### Work item:
Look through the listing below for the line containing "Fotos Playboy Mulher". Copy it and each line after it up to and including the line containing "Кубаньфарфор Блюдце Зоопарк", exactly, leaving out pictures.

### Data to process:
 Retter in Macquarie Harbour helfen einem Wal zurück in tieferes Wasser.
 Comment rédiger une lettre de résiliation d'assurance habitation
...
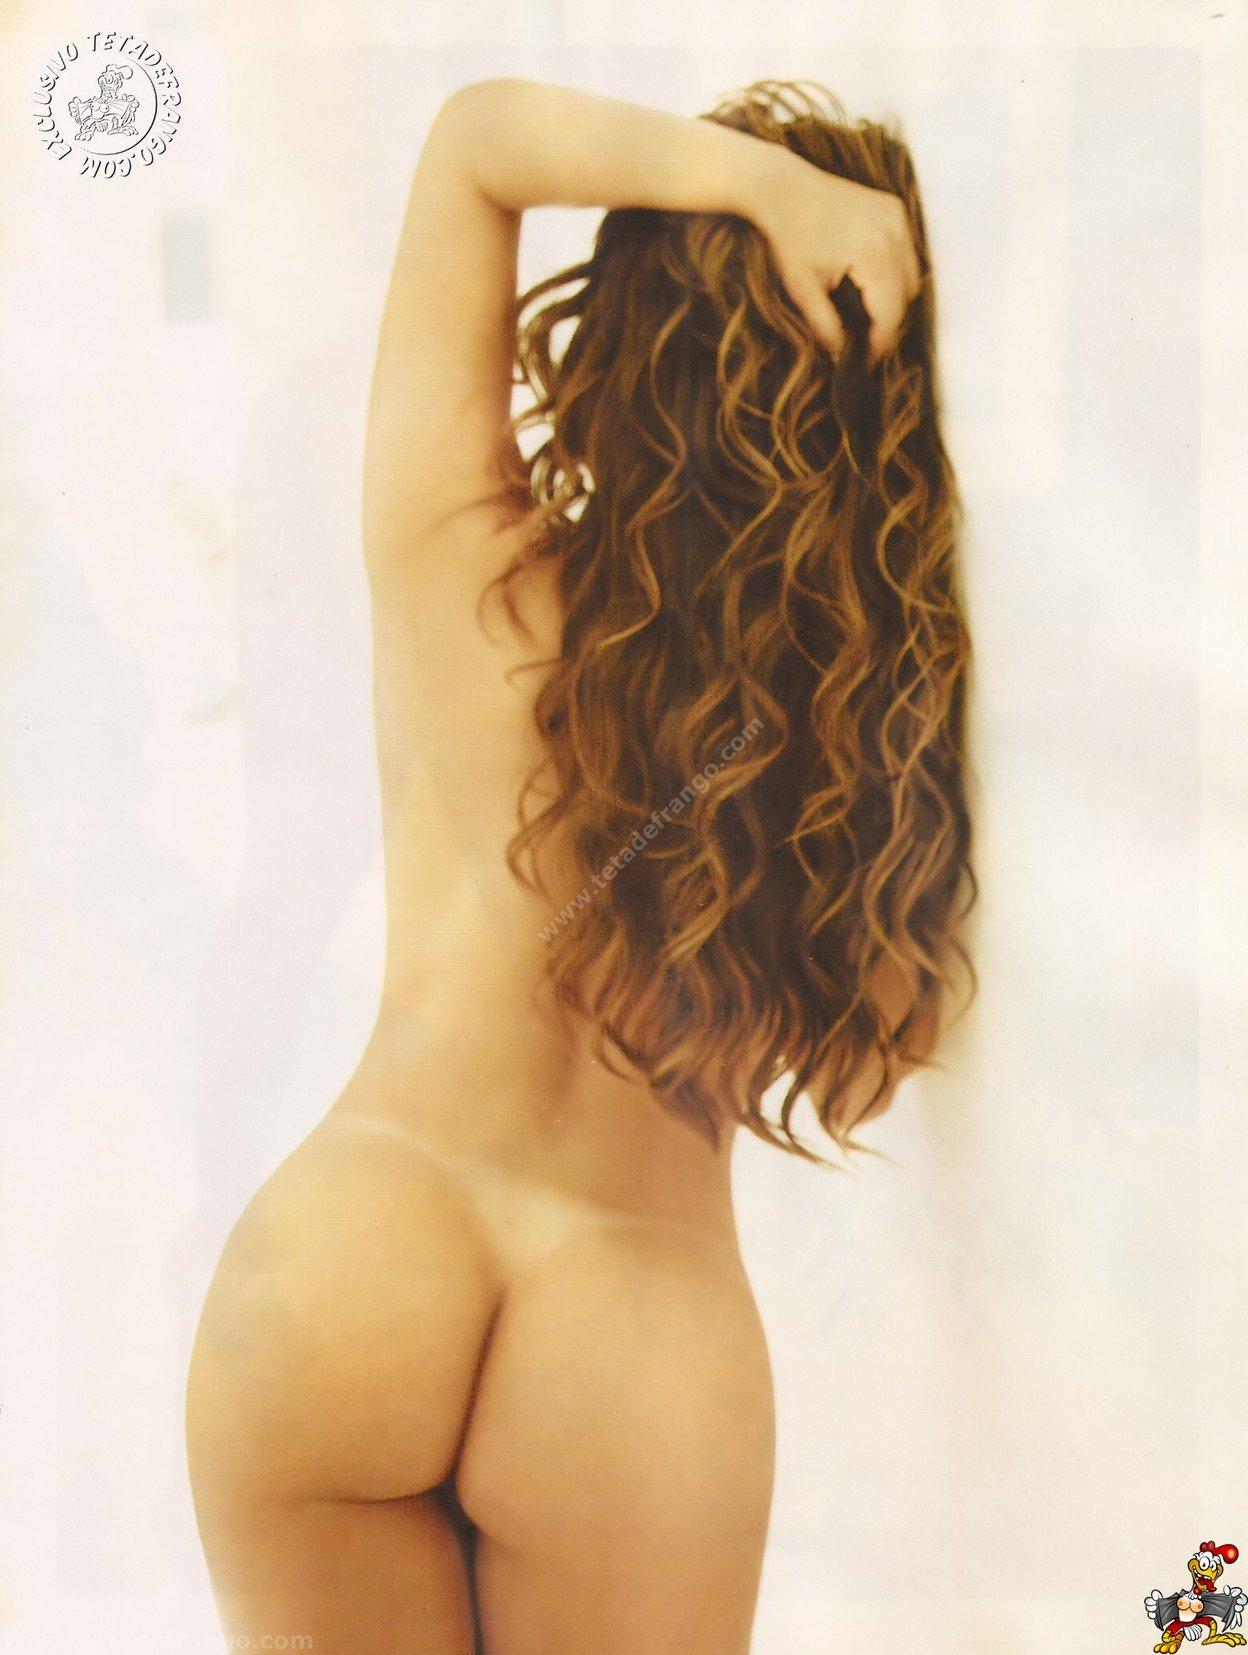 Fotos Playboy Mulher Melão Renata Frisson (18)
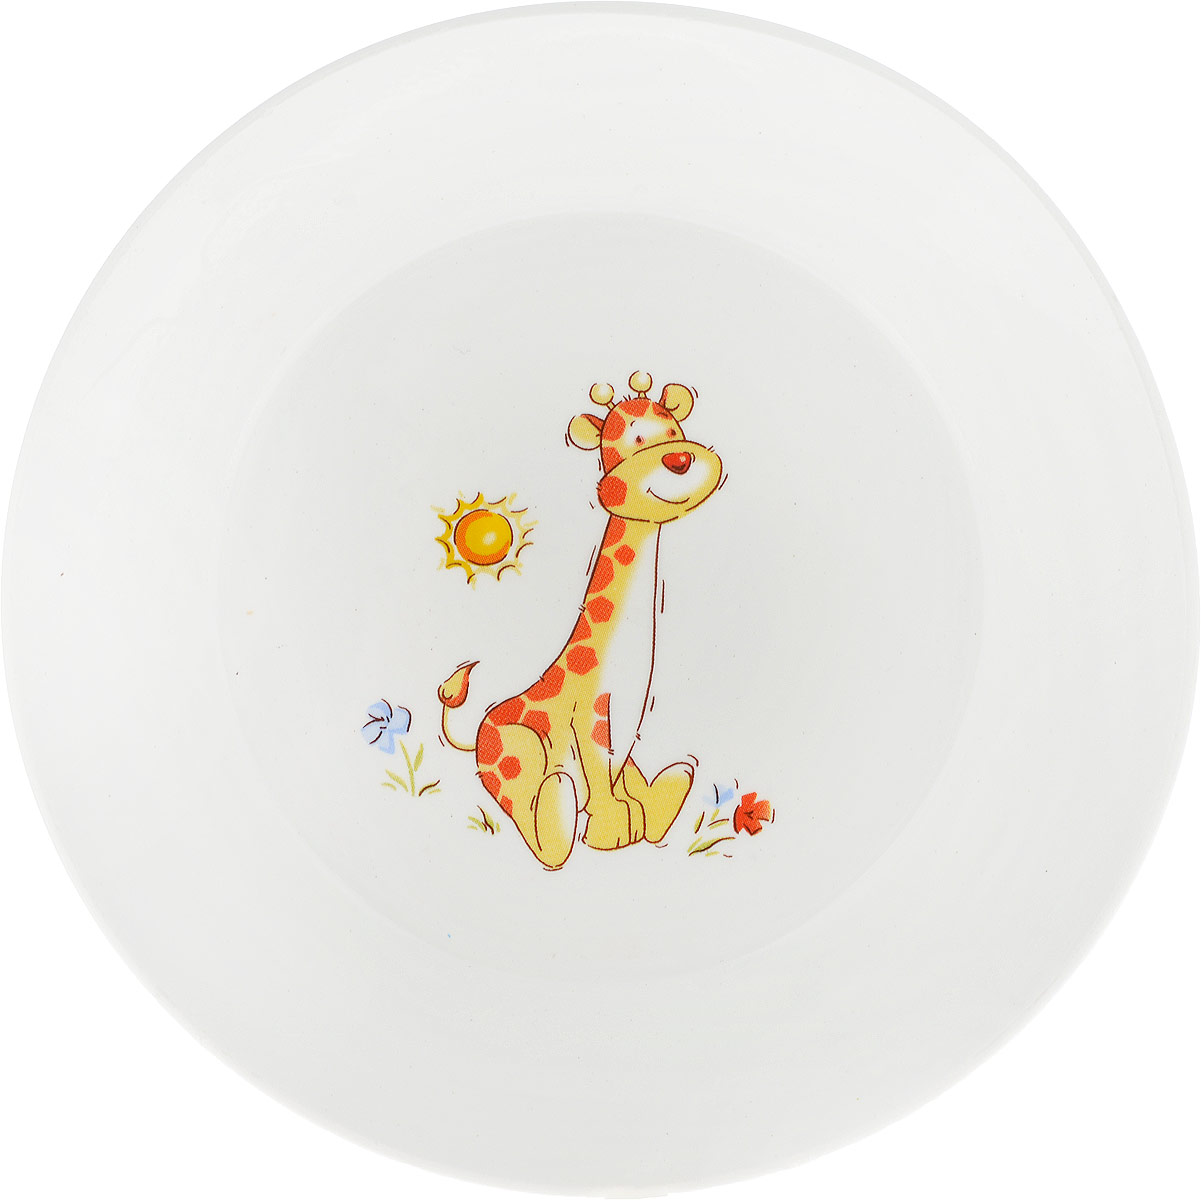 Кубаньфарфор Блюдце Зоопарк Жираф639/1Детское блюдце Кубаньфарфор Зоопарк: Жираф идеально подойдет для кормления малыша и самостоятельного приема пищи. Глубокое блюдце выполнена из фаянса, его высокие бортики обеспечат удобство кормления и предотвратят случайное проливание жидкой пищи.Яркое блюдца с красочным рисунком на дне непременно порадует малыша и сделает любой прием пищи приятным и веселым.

### Answer to this task:
 Fotos Playboy Mulher Melão Renata Frisson (18)
 Кубаньфарфор Блюдце Зоопарк Жираф639/1Детское блюдце Кубаньфарфор Зоопарк: Жираф идеально подойдет для кормления малыша и самостоятельного приема пищи. Глубокое блюдце выполнена из фаянса, его высокие бортики обеспечат удобство кормления и предотвратят случайное проливание жидкой пищи.Яркое блюдца с красочным рисунком на дне непременно порадует малыша и сделает любой прием пищи приятным и веселым.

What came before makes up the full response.